SBI-101 is a combination biologic product, in which MSCs reside on the exterior of hollow fibers, while blood flows through the interior. The unique design of SBI-101 enables real-time sampling of both MSC-secreted factors (pharmacokinetics) and their effect on patient blood (pharmacodynamics), which will provide particular value for this project. The ultimate goal of the project is to develop a broadly applicable potency assay framework that members of the regenerative medicine community can leverage for their particular biomanufacturing process, product and indication of interest. 

“Sentien is grateful to MTEC and the DoD for recognizing the potential impact of our proposal and awarding the funds to undertake this work. We have an opportunity to add real value to the regenerative medicine community by developing this potency assay framework which spans R&D, biomanufacturing and clinical translation,” said Chris Gemmiti, Senior Vice President of Operations at Sentien. “This award demonstrates external recognition of how our proprietary microreactor platform can offer unique insights into MSC biology. This is very timely as the interest in MSCs has been increasingly heightened in the context of COVID-19 trials,” said Rita Bárcia, Vice President of R&D at Sentien. “We are very excited to be partnering with RoosterBio and GenCure on this project,” added Sentien CEO, Brian Miller. “We believe this team of collaborators, with complementary technologies and skills, will together produce a valuable, widely applicable deliverable.” 
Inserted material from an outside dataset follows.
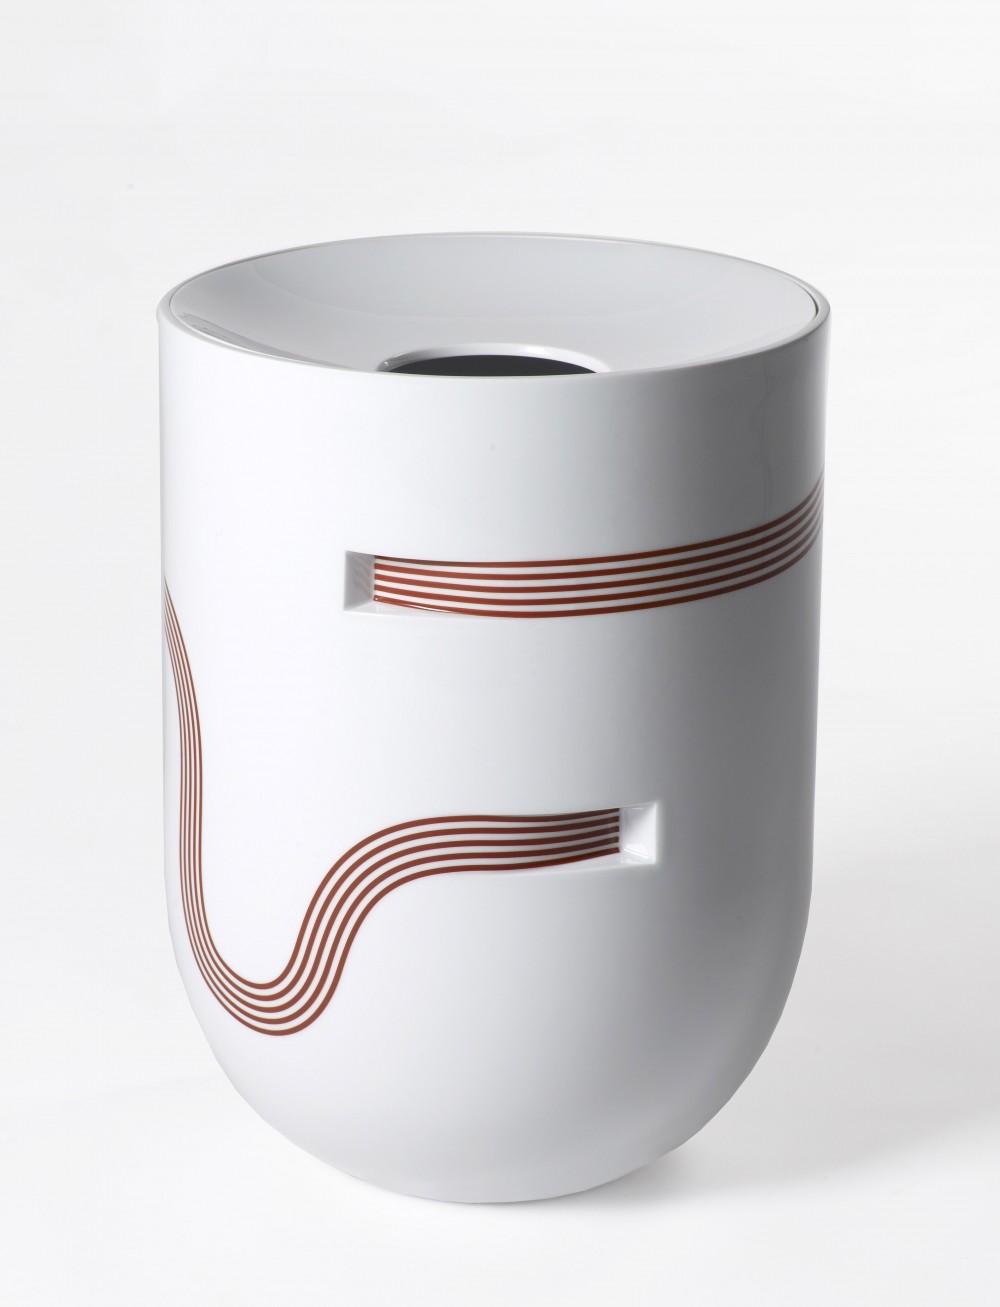 Vase Ruban - © Pierre Charpin

“We are very much looking forward to this collaboration to provide our platform solutions and expertise in MSC manufacturing in support of this project,” said RoosterBio CEO, Margot Connor. “The development of a MSC potency assay framework is really the cornerstone of a successful regenerative medicine product thus we are grateful for the opportunity to contribute to this team effort.” 

Becky Cap, Chief Operating Officer for GenCure, a subsidiary of BioBridge Global, commented, “GenCure values creative approaches to solving difficult problems, and the Sentien team has developed some highly innovative approaches to treatment with SBI-101. With this project, they are finding ways to leverage that innovation to address more fundamental questions about potency and the impact of tissue source on both potency and therapeutic benefit. We are honored to be part of this project.”